Provided data START

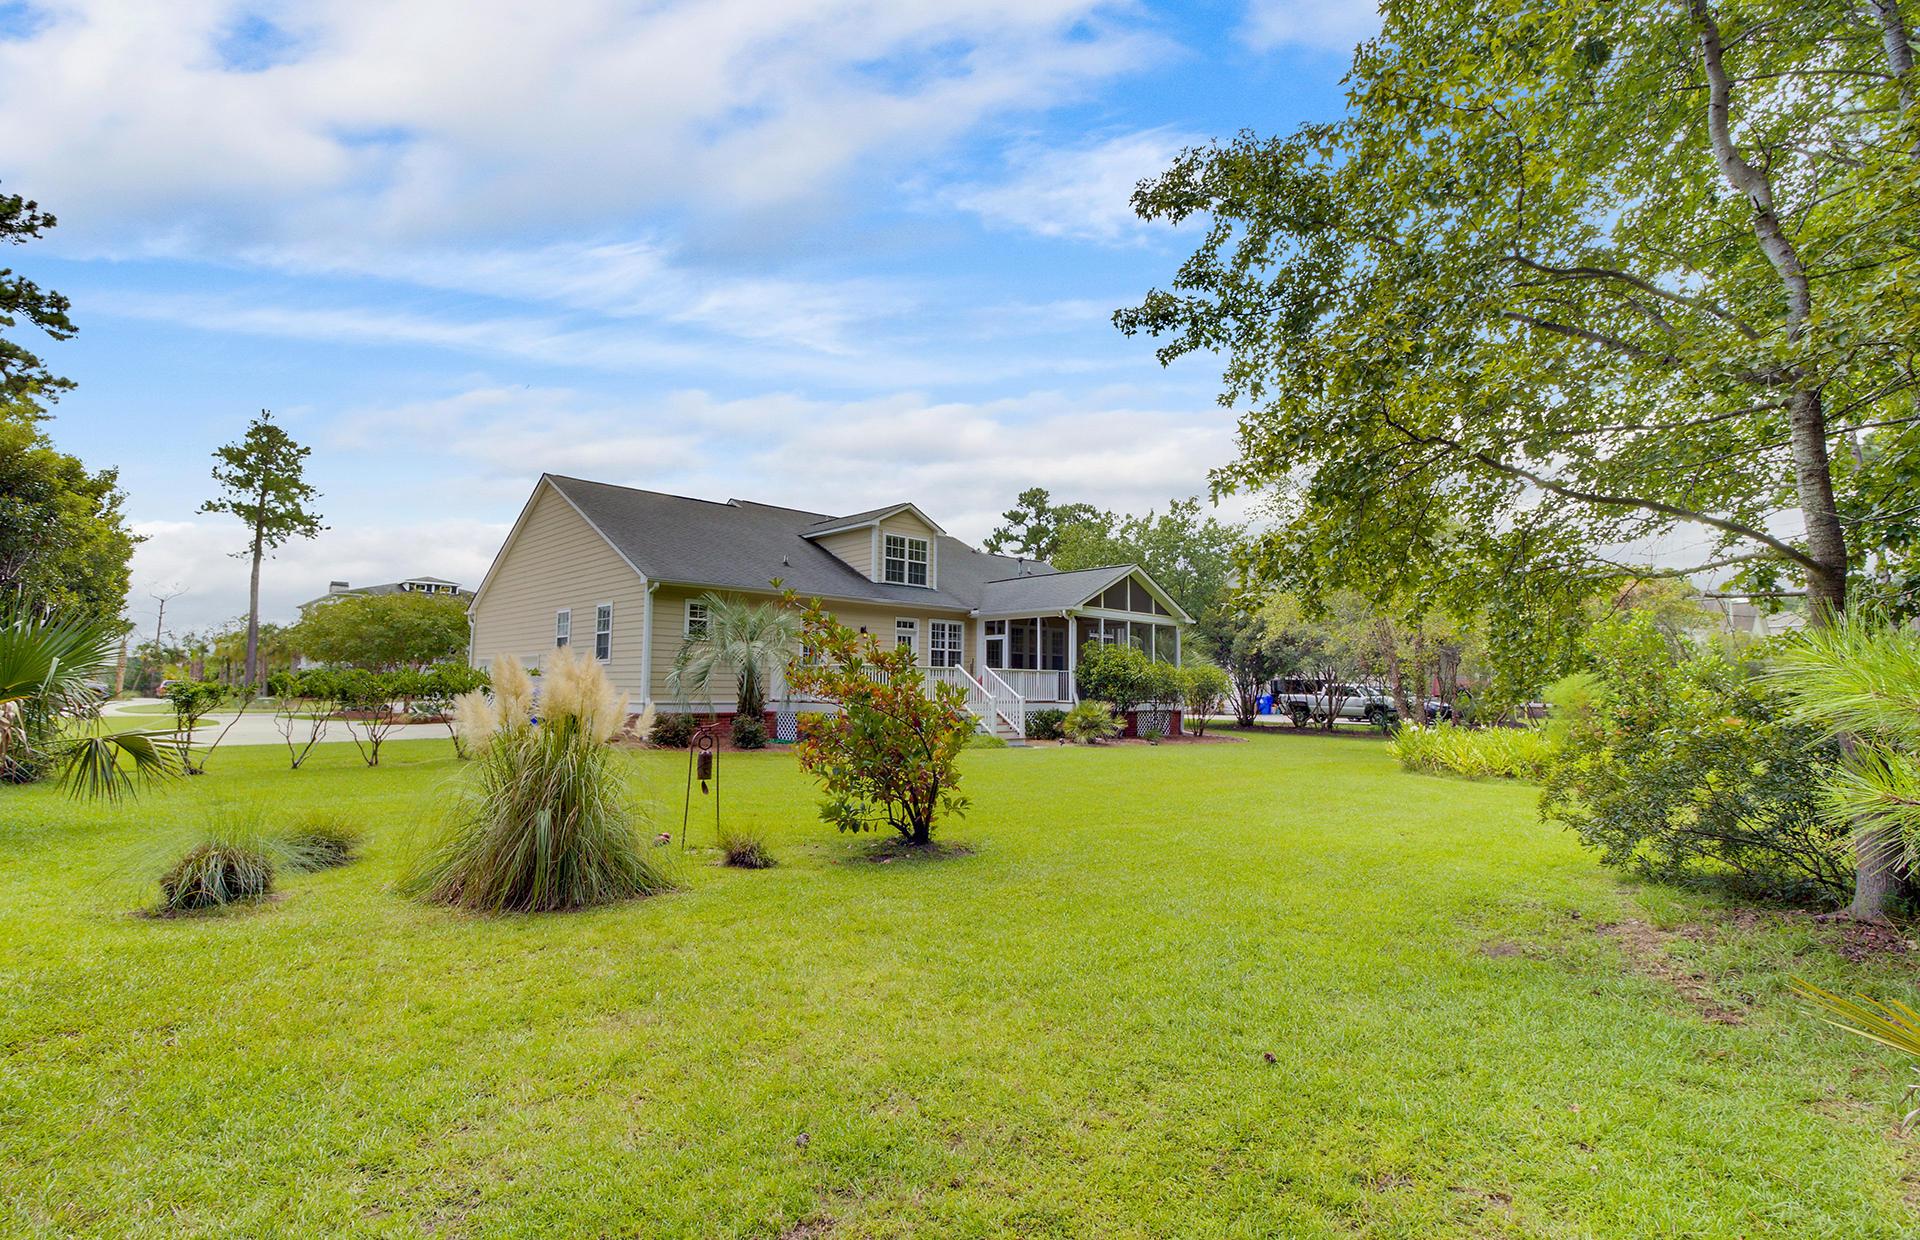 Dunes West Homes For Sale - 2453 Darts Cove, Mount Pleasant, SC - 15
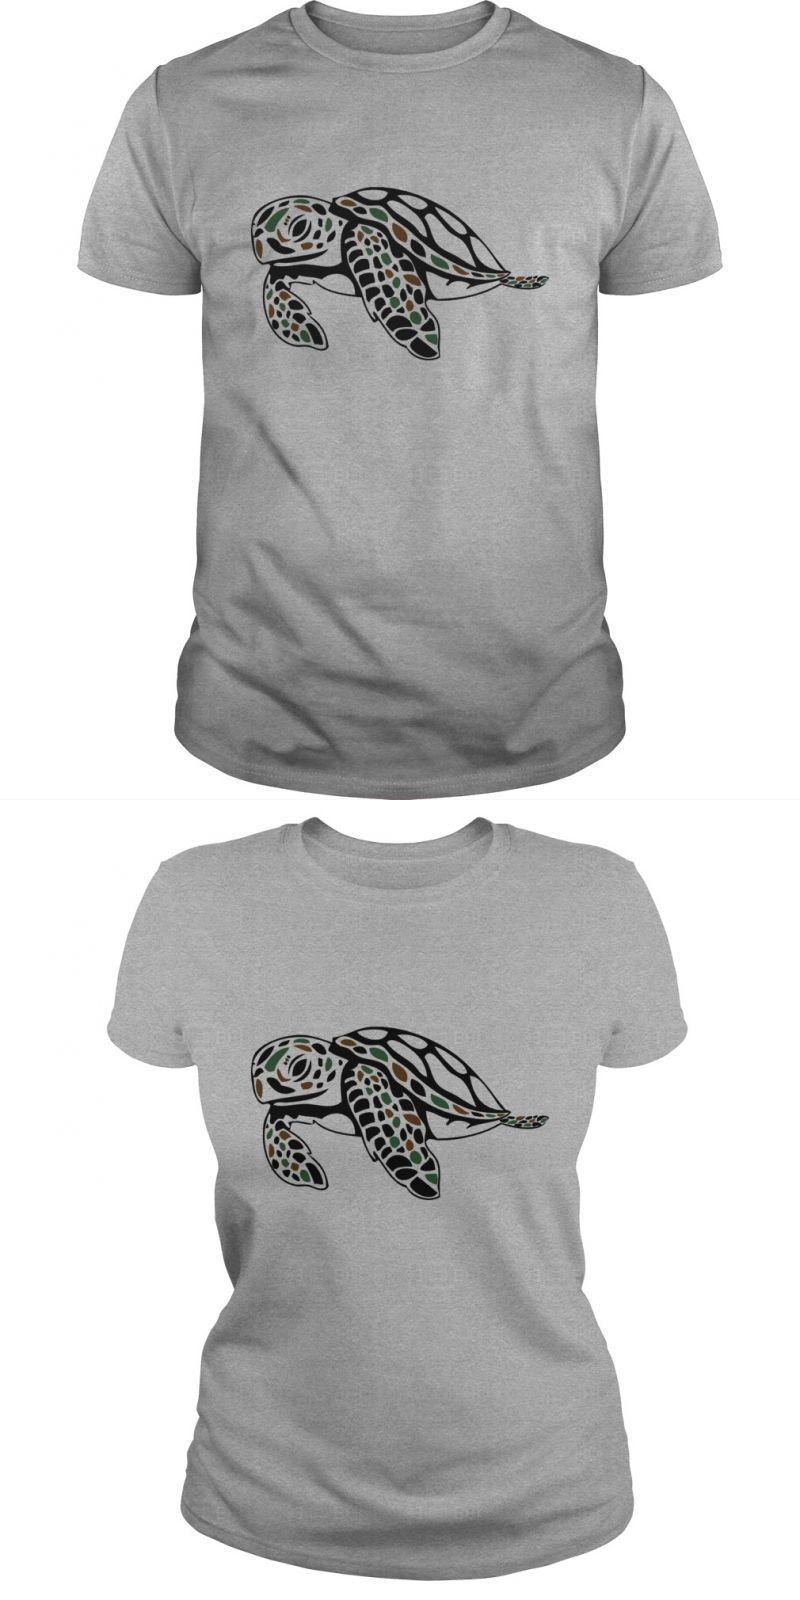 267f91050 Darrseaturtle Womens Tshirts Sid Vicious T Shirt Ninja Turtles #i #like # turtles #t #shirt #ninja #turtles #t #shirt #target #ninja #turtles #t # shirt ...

Provided data END
Provided data START

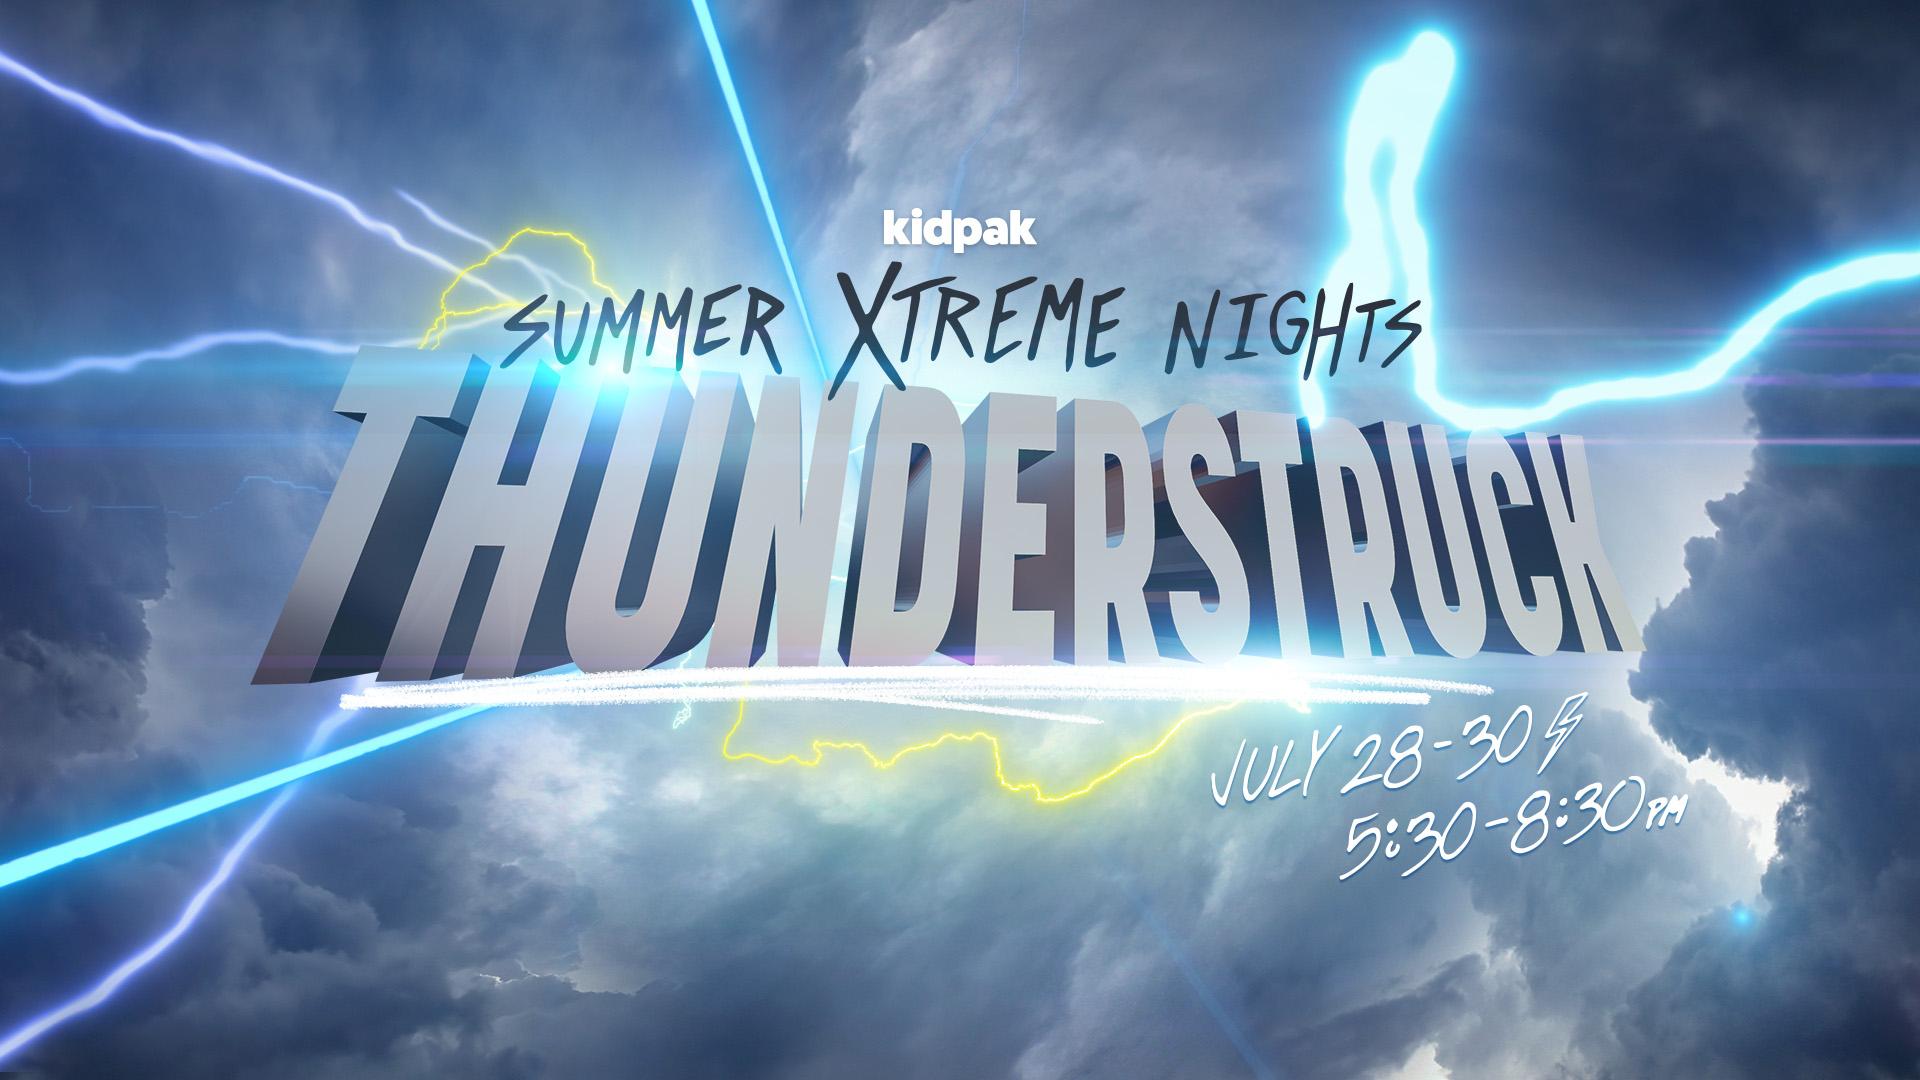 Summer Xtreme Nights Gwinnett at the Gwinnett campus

Provided data END

**The task:** After locating the line containing "Dunes West Homes" in the entries above, return it and every line after it exactly, ending at the line containing "267f91050 Darrseaturtle Womens", without pictures.

**Task response:**
 Dunes West Homes For Sale - 2453 Darts Cove, Mount Pleasant, SC - 15
 267f91050 Darrseaturtle Womens Tshirts Sid Vicious T Shirt Ninja Turtles #i #like # turtles #t #shirt #ninja #turtles #t #shirt #target #ninja #turtles #t # shirt ...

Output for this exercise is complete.